The Industrial Revolution did not merely make existing goods cheaper; it created entirely new categories of wealth and entirely new ways of organizing society. The current convergence is doing the same thing—only faster, because the building blocks (compute, data, biology, energy, trust infrastructure) are themselves digital or rapidly digitizing.
Bitcoin/blockchain
Bitcoin and blockchain sit at the center of this transformation. They provide the native monetary and property layer for a world in which intelligent machines, abundant energy, and programmable biology interact at planetary scale. A fixed-supply, decentralized, censorship-resistant asset becomes exponentially more valuable as the rest of the system accelerates. With intergenerational wealth transfers accelerating, the younger generation will diversify into digital gold rather than physical bars.
The October 10th flash crash—caused by a Binance software glitch—wiped out $28 billion in leveraged positions. That deleveraging has largely cleared. Nevertheless, the crash damaged investor psychology.
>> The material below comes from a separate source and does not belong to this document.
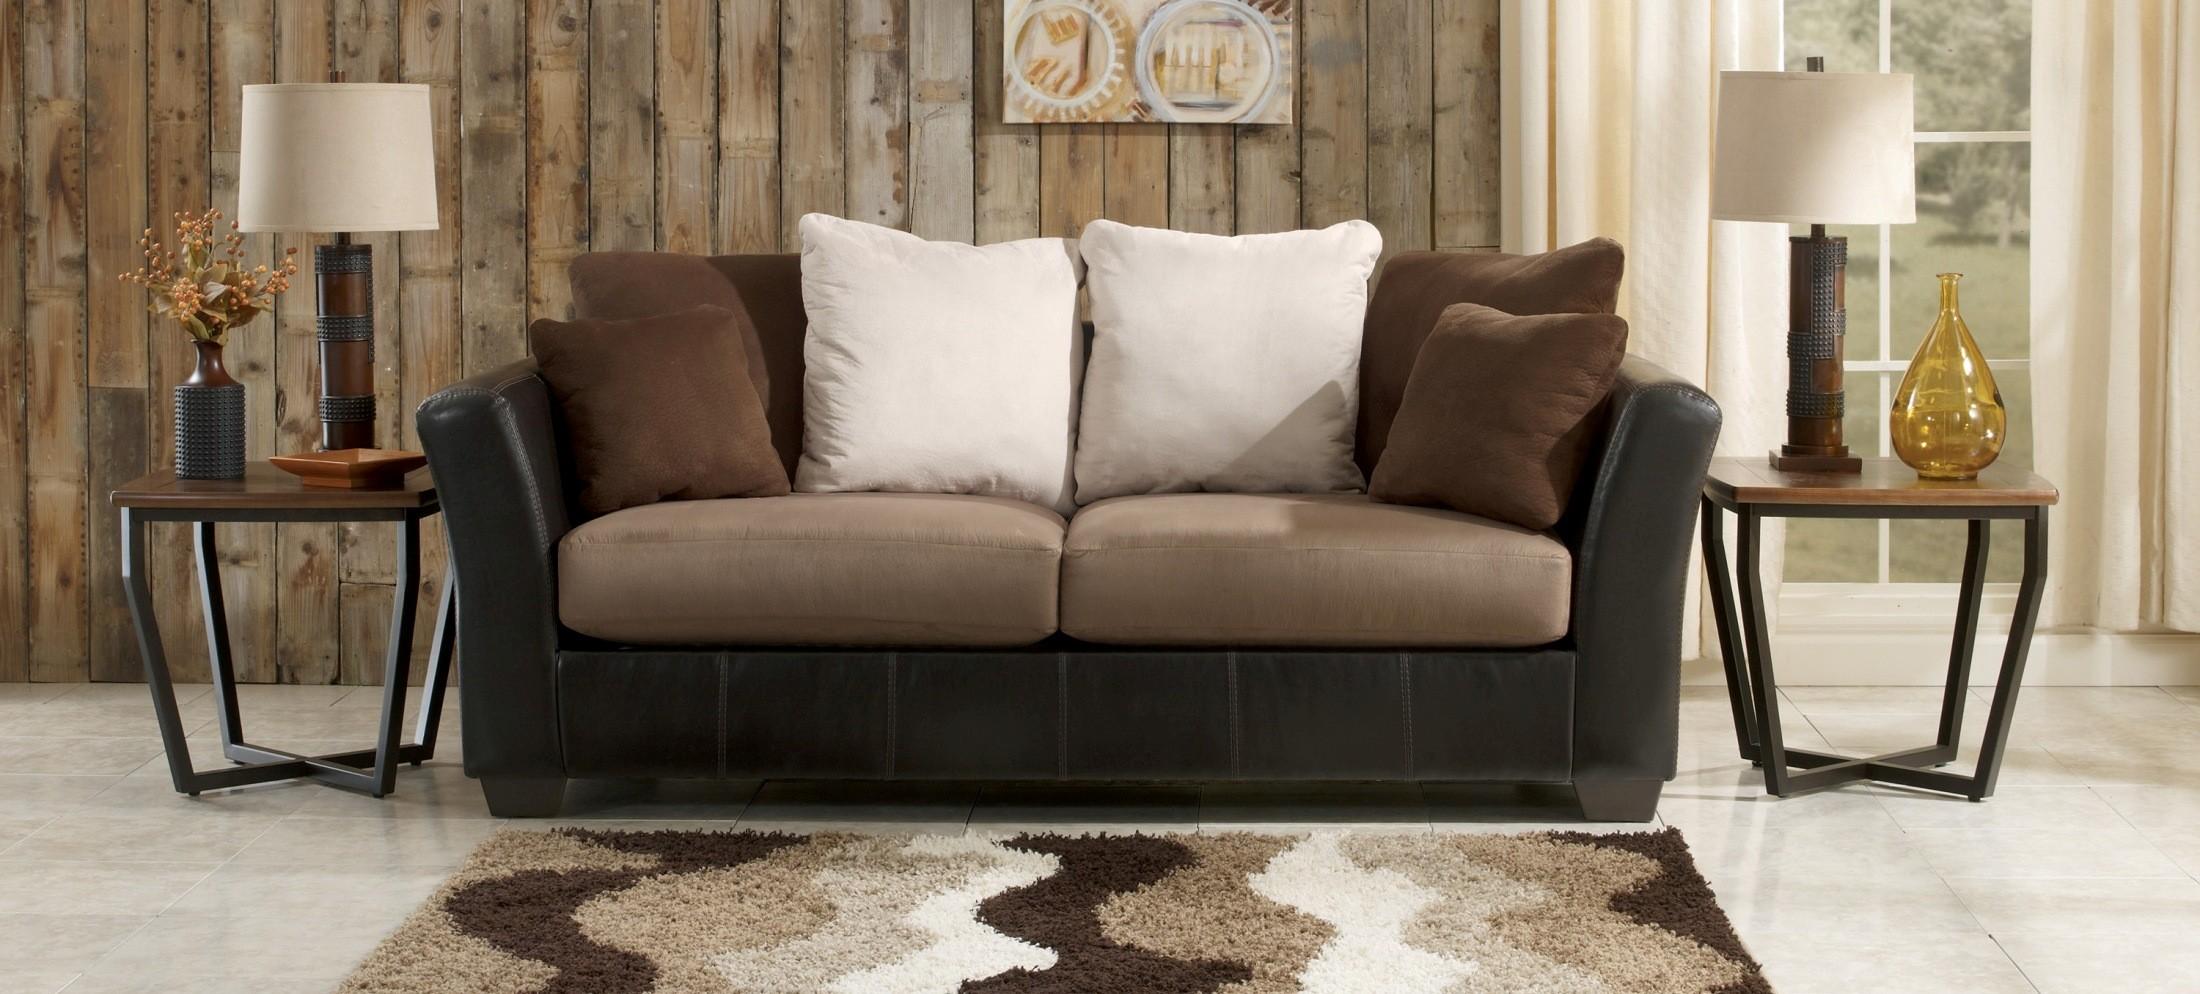 ashley furniture morandi mocha sofa retro sofas masoli 1420138

In the interim, gold has captured the “crisis hedge + central-bank bid + macro uncertainty” flows. Still, bitcoin RSI hit a critically low level which has suggested we are close to a major low if history in any guide. Bitcoin may retest lows but, so far, has never dropped appreciably from such levels. The two exceptions are 2018 and 2022 when the pace of global liquidity slowed, always a precursor to major crypto bear markets.
Looking Through the Noise
The path will be volatile. Recency bias is powerful. Legacy metrics are comforting. Siloed analysis feels safe. But the underlying forces—exponential platforms converging and reinforcing—are already in motion.The question is not whether this step-function change will occur. It is already occurring. The only question is how quickly people, institutions, and capital will recognize it—and how much of the upside they will capture before the pattern becomes obvious to everyone.
History suggests the answer is: not quickly enough.
The Industrial Revolution rewarded those who saw the railroad, the dynamo, and the automobile for what they were: civilization-scale platforms. The current convergence will do the same.
The only difference is the speed. And the scale. And the fact that this time, the platforms are digital—and therefore global from day one.